Only the lines from the one containing "Scala 2 - Carta" through the end of the data are wanted, reproduced exactly and without pictures.

DATA SHOWN ▸
---+---

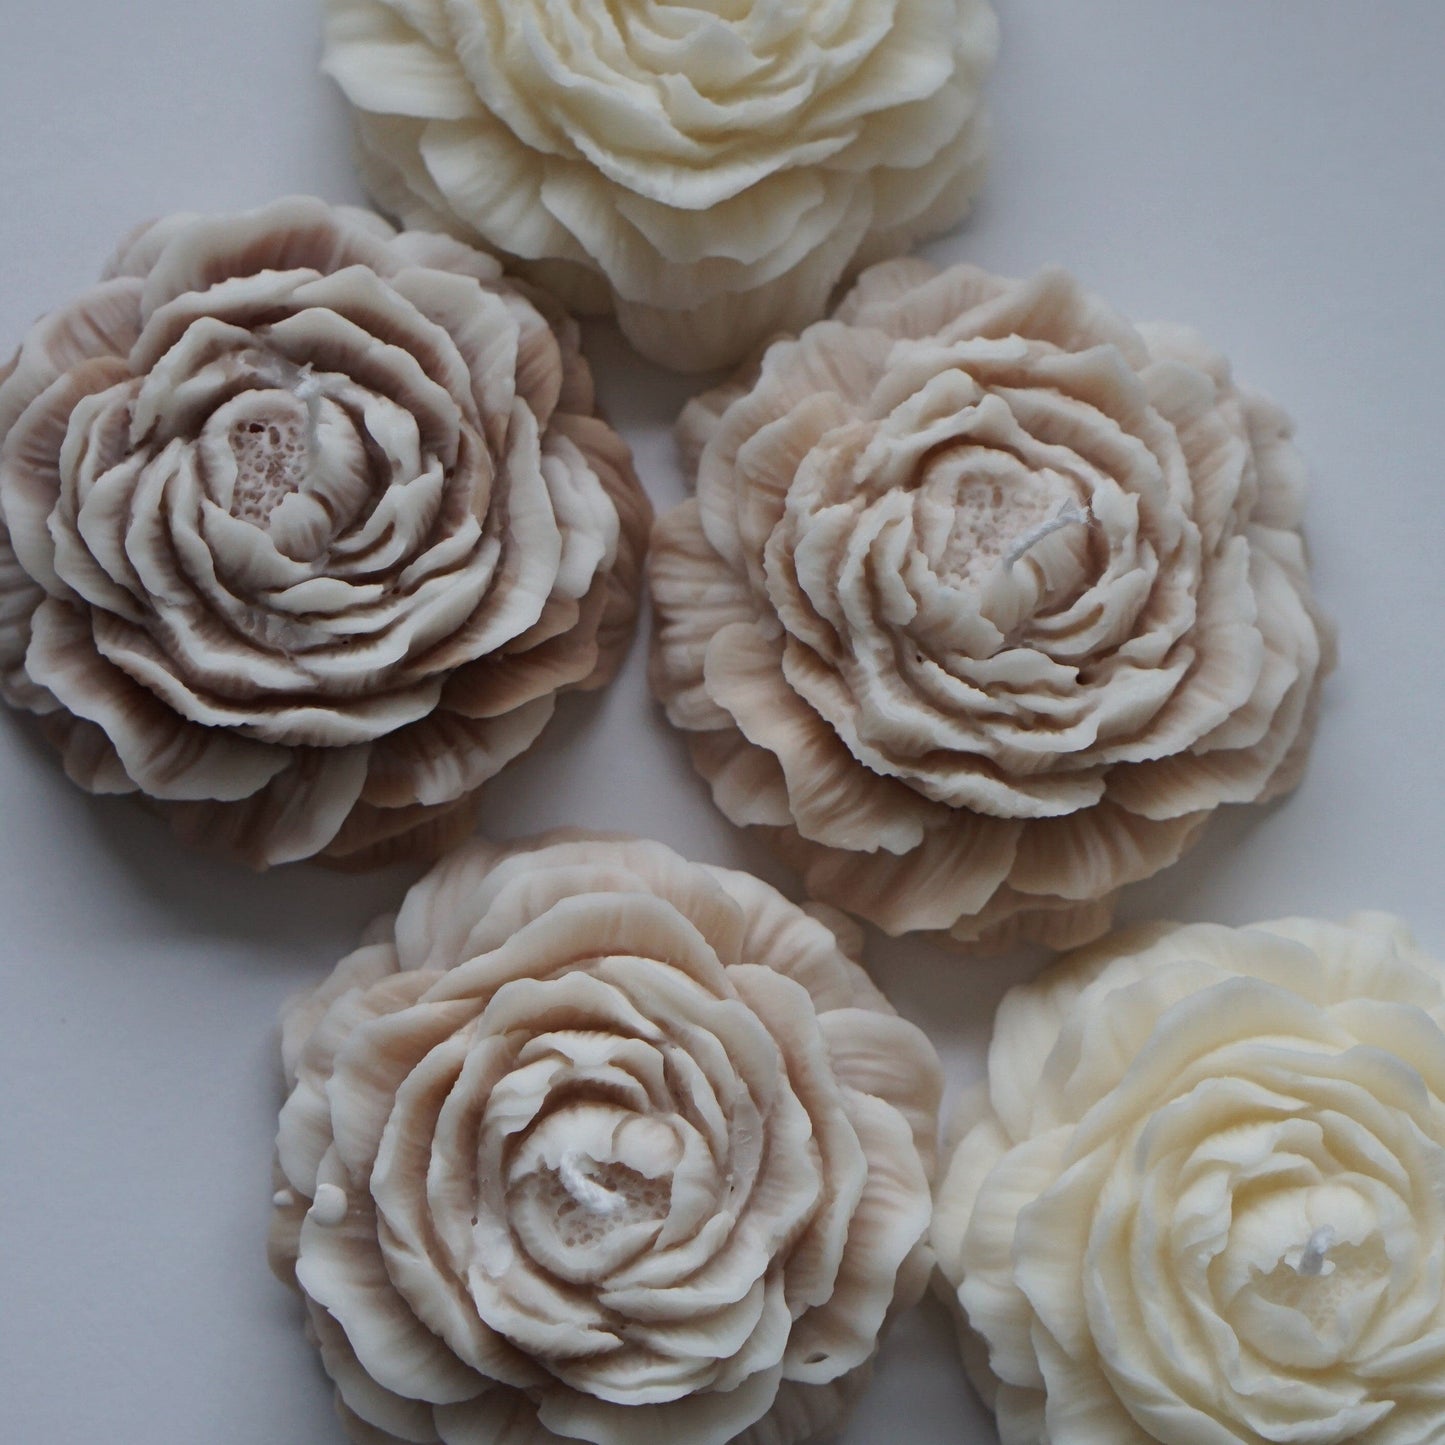 Handmade designer candle roses
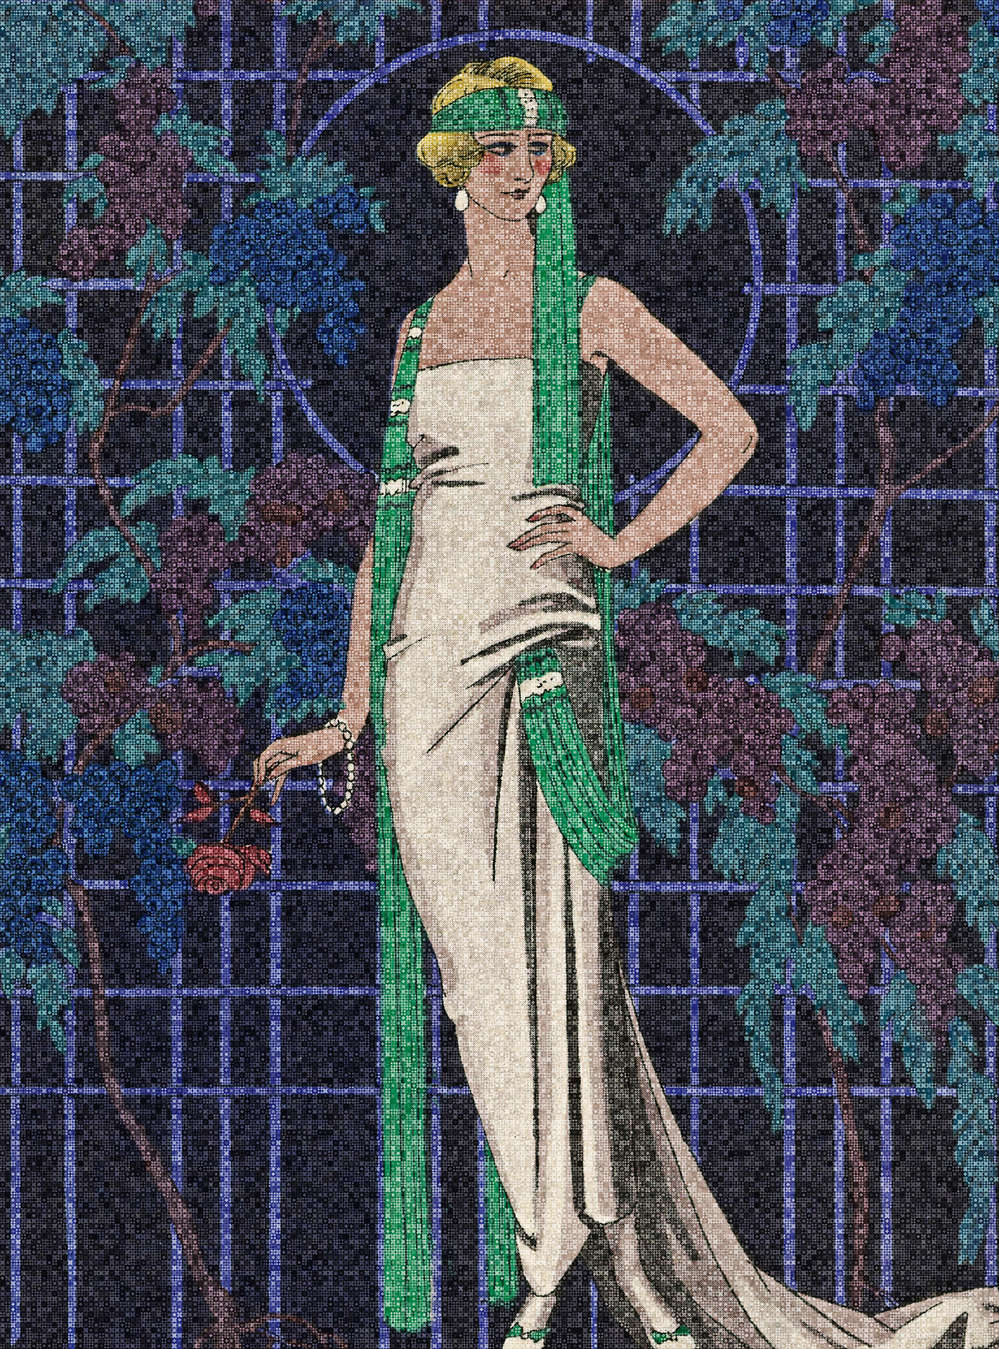             Scala 2 - Carta da parati a mosaico Art Deco Motivo donna stile anni '20
        
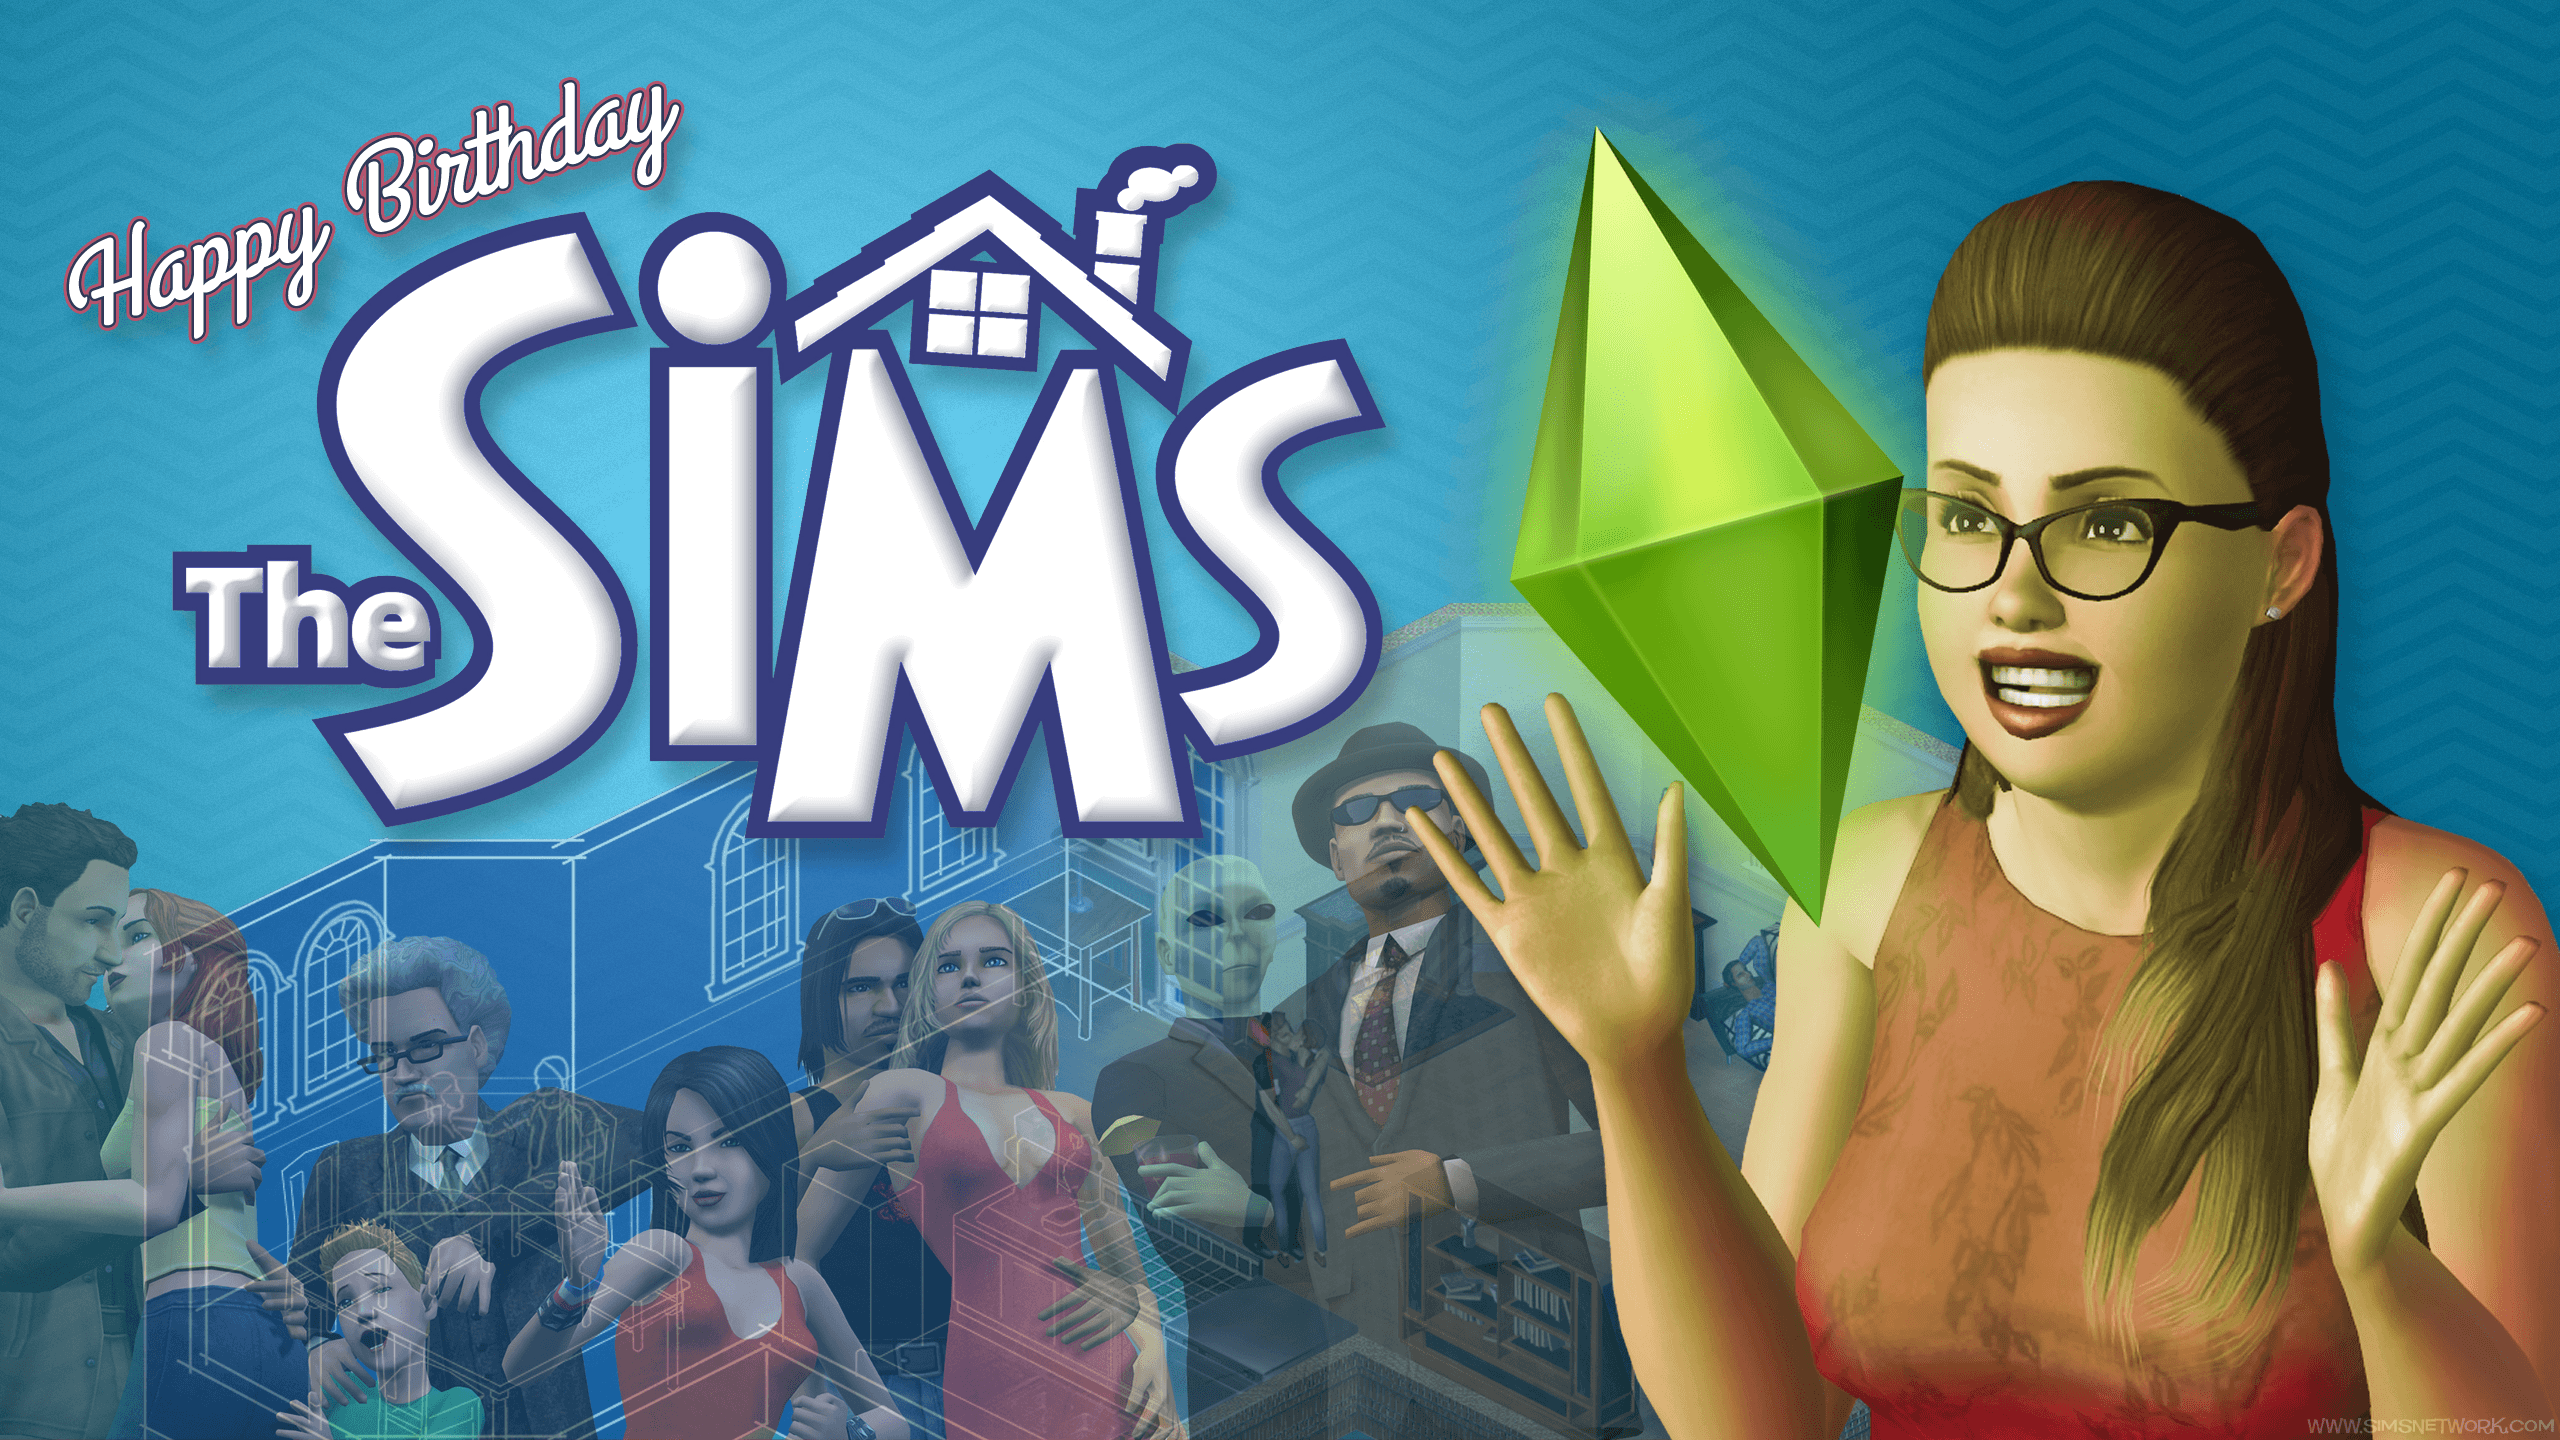 The Sims Anniversary Wallpaper!
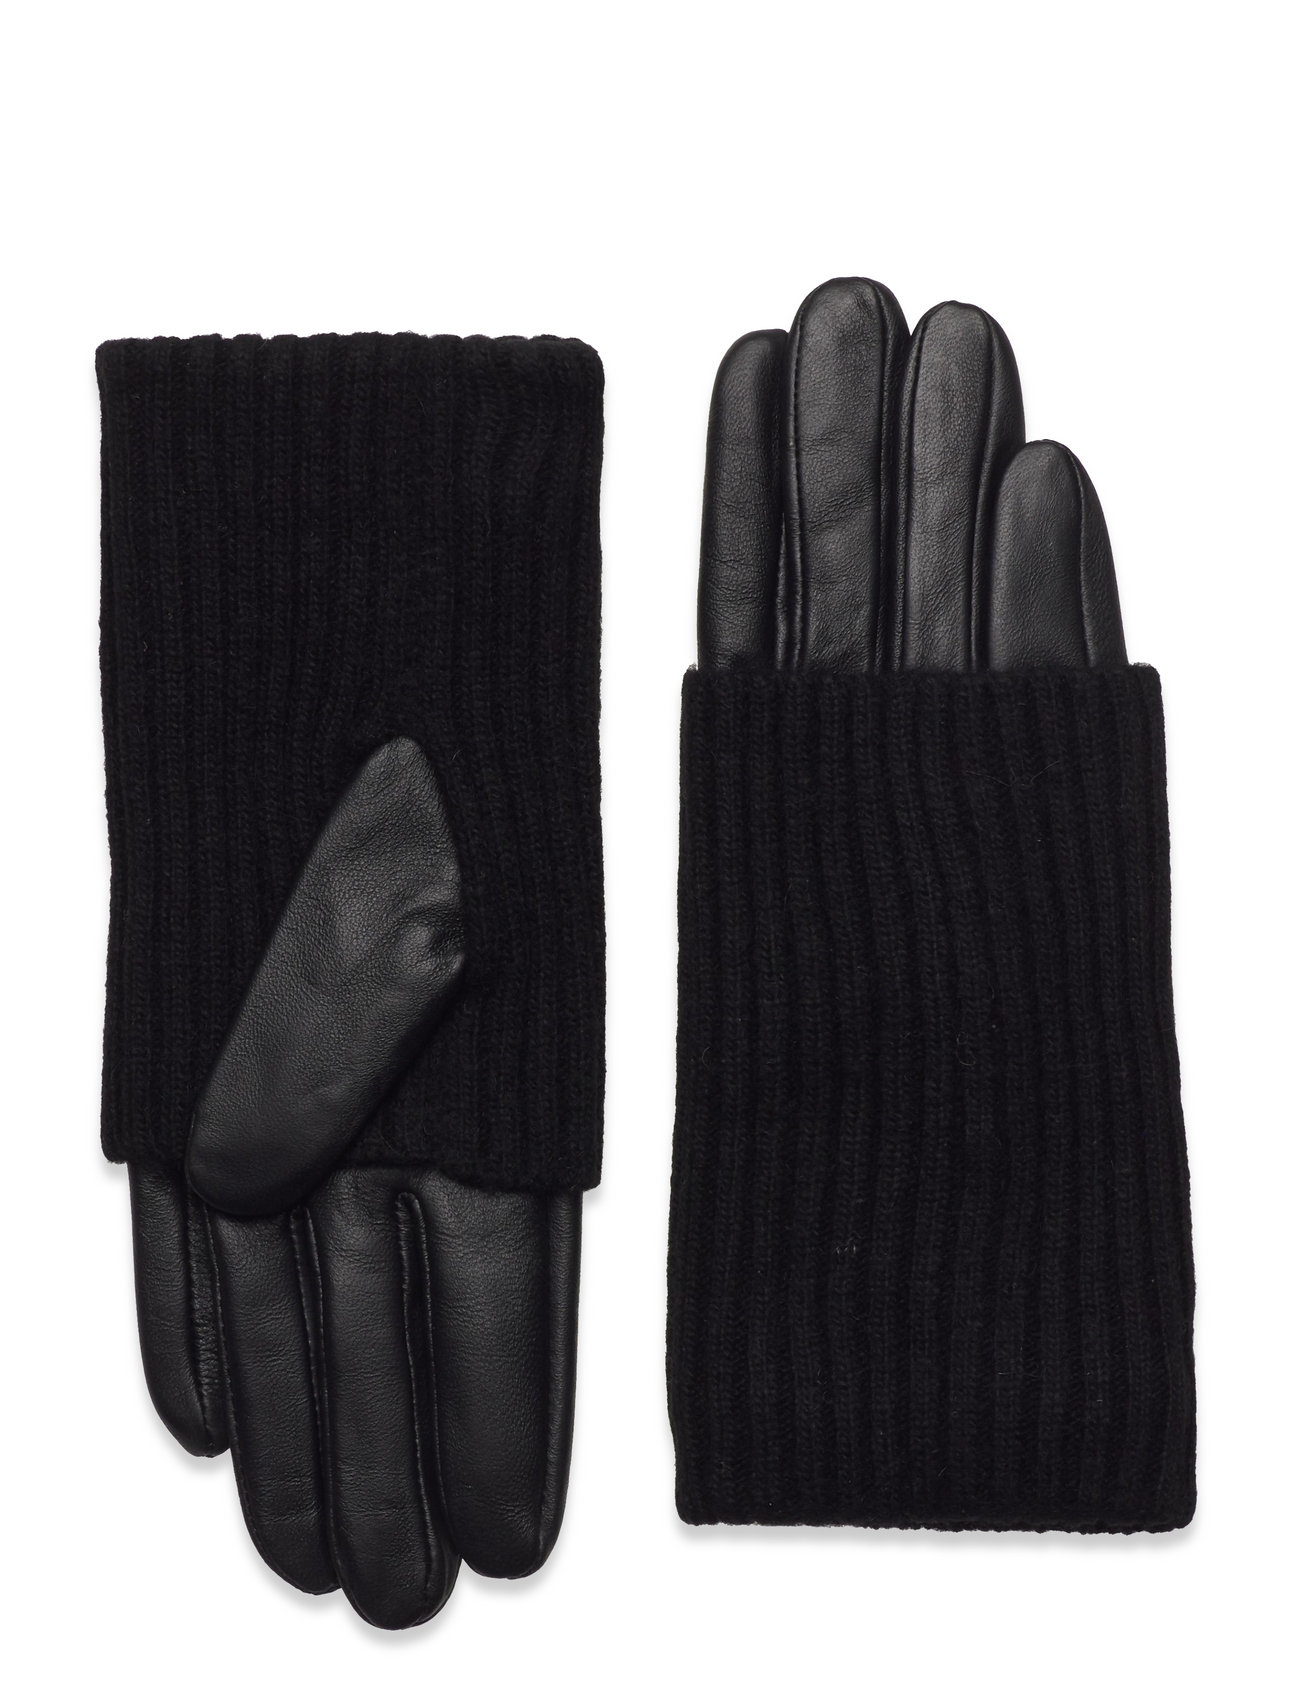 DAY Day Leather Knit Glove - Handsker Vanter -

---+---

RESPONSE TO THIS EXERCISE ▸
             Scala 2 - Carta da parati a mosaico Art Deco Motivo donna stile anni '20
        
 The Sims Anniversary Wallpaper!
 DAY Day Leather Knit Glove - Handsker Vanter -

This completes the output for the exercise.